[INFORMATION SHOWN]

################

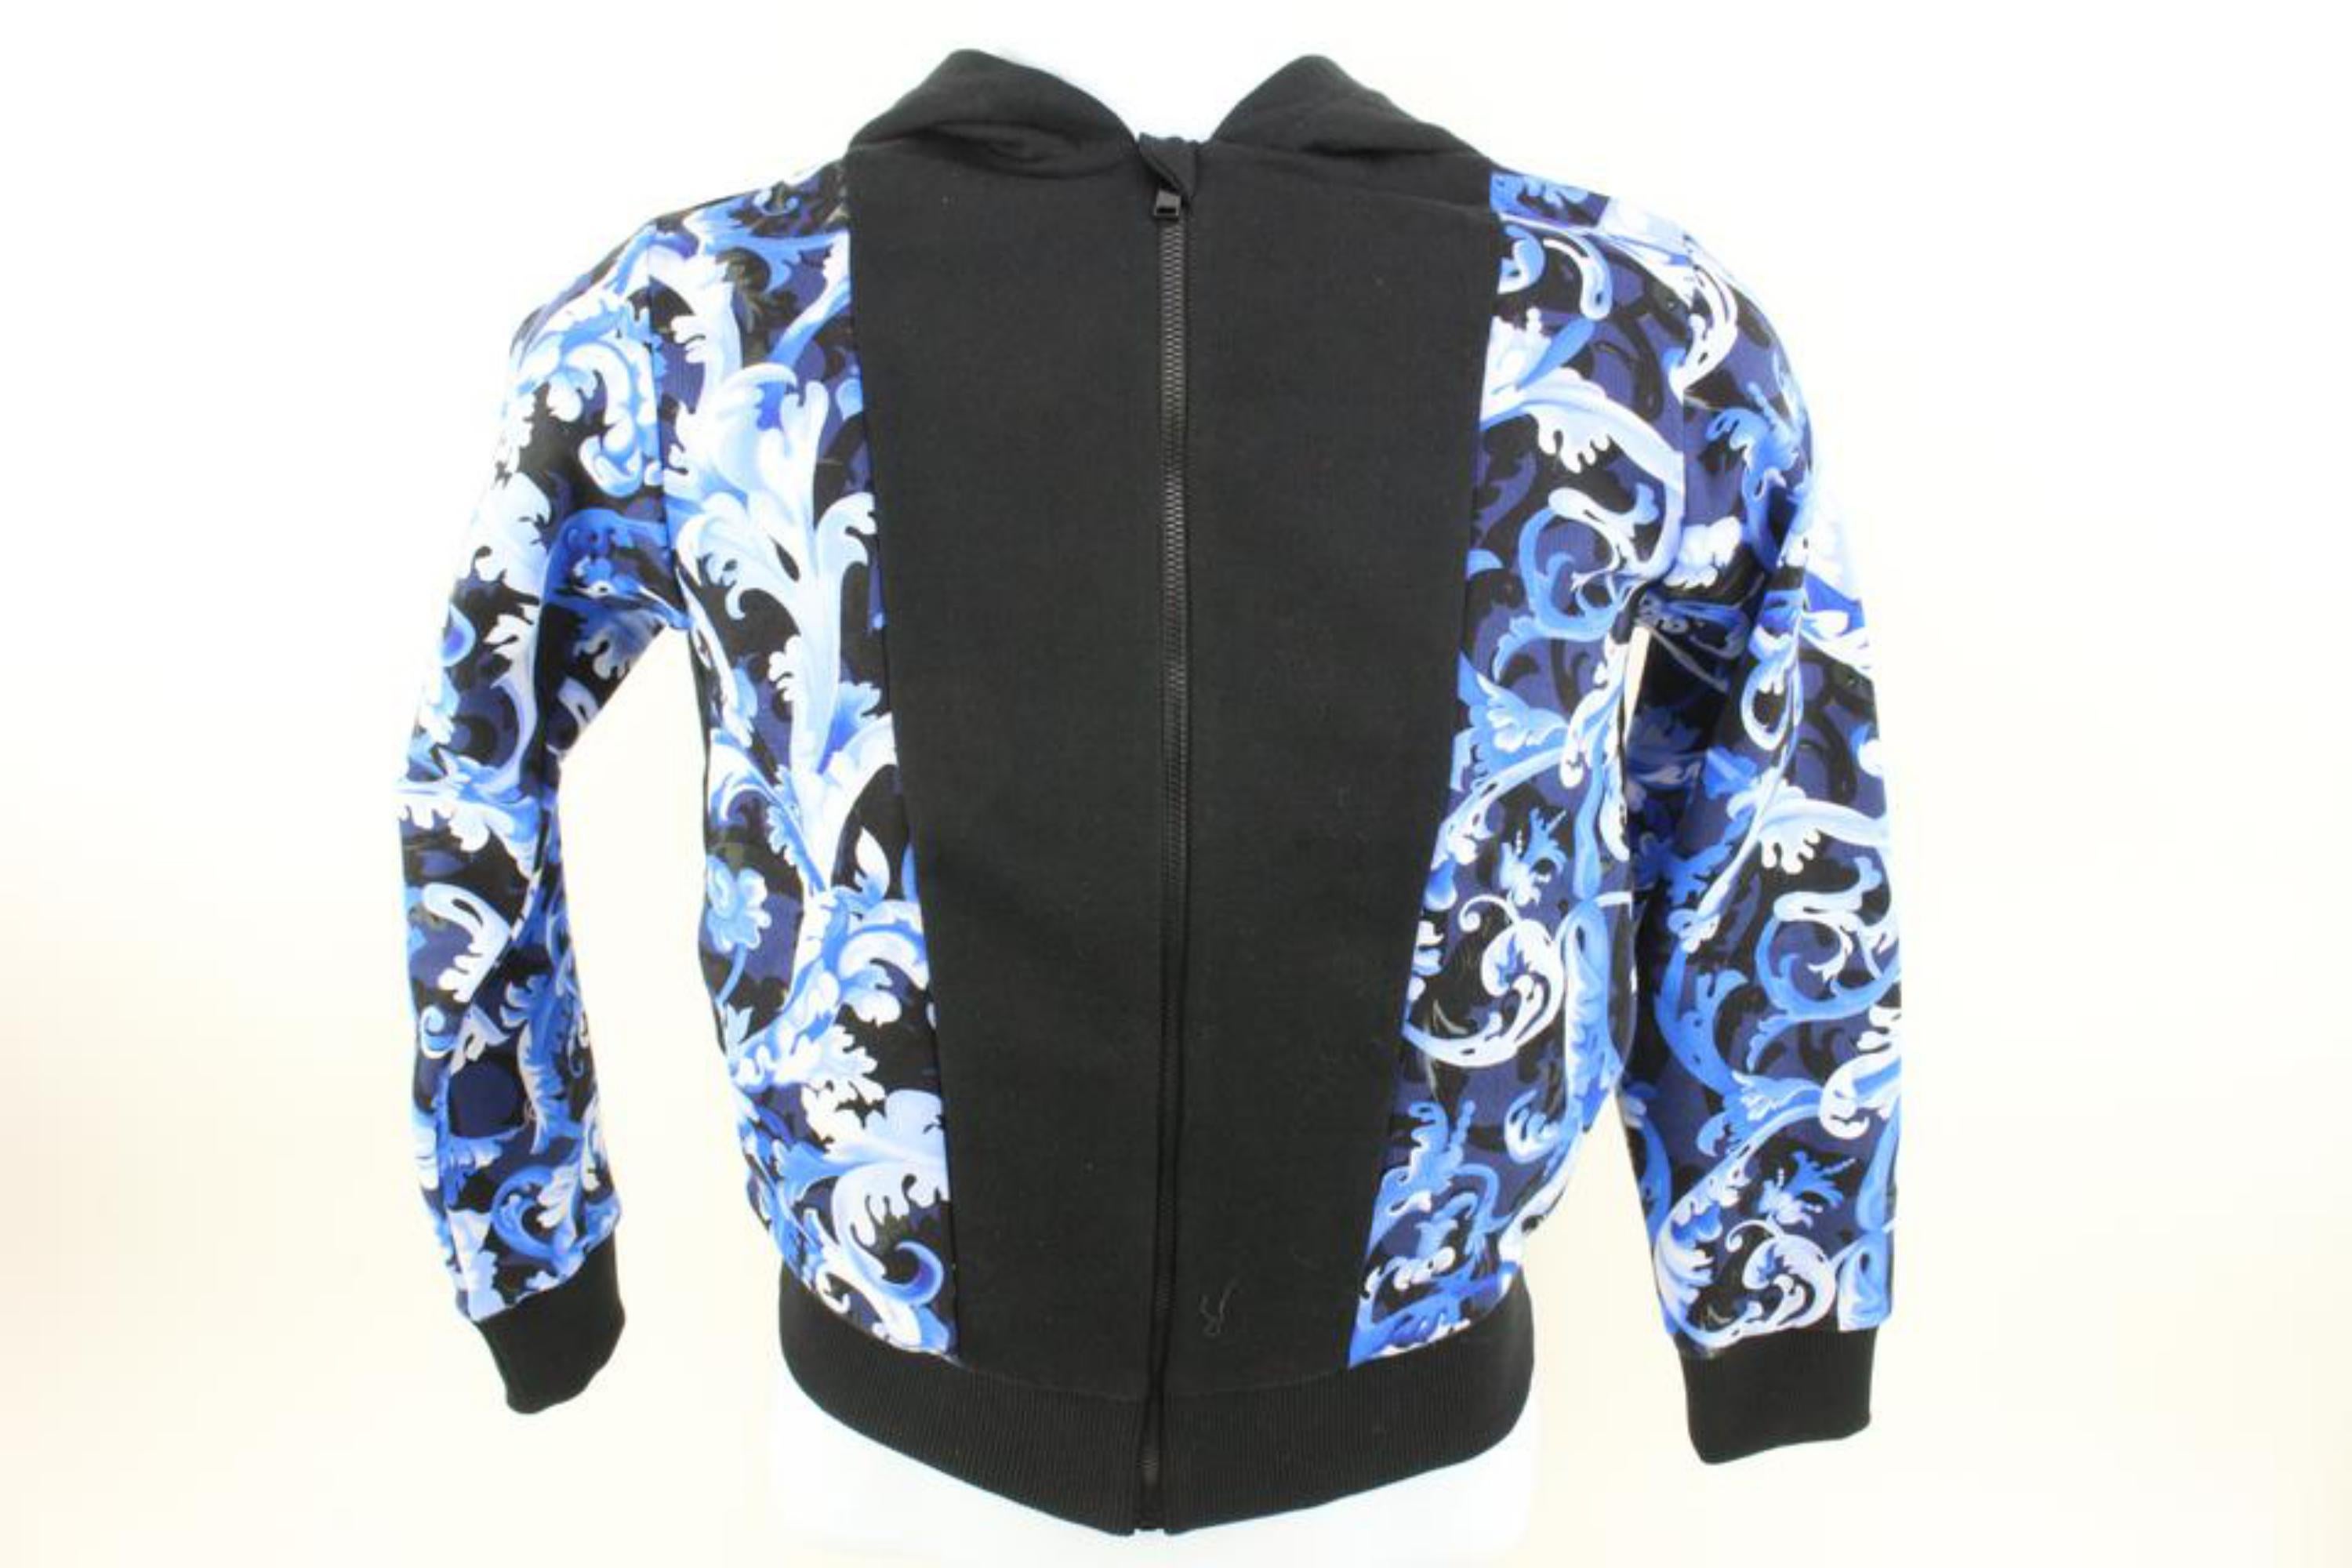 Versace Size 8A Boy's Black Blue Baroque Zip Up Hoodie Sweatshirt Kids 125v26
Date Code/Serial Number: 0461B412F66B80
Made In: Italy
Measurements: Length:  15.5

################

[TASK] The data above must be reproduced exactly, without any of its pictures.

[COMPLETED EXERCISE]
 Versace Size 8A Boy's Black Blue Baroque Zip Up Hoodie Sweatshirt Kids 125v26
Date Code/Serial Number: 0461B412F66B80
Made In: Italy
Measurements: Length:  15.5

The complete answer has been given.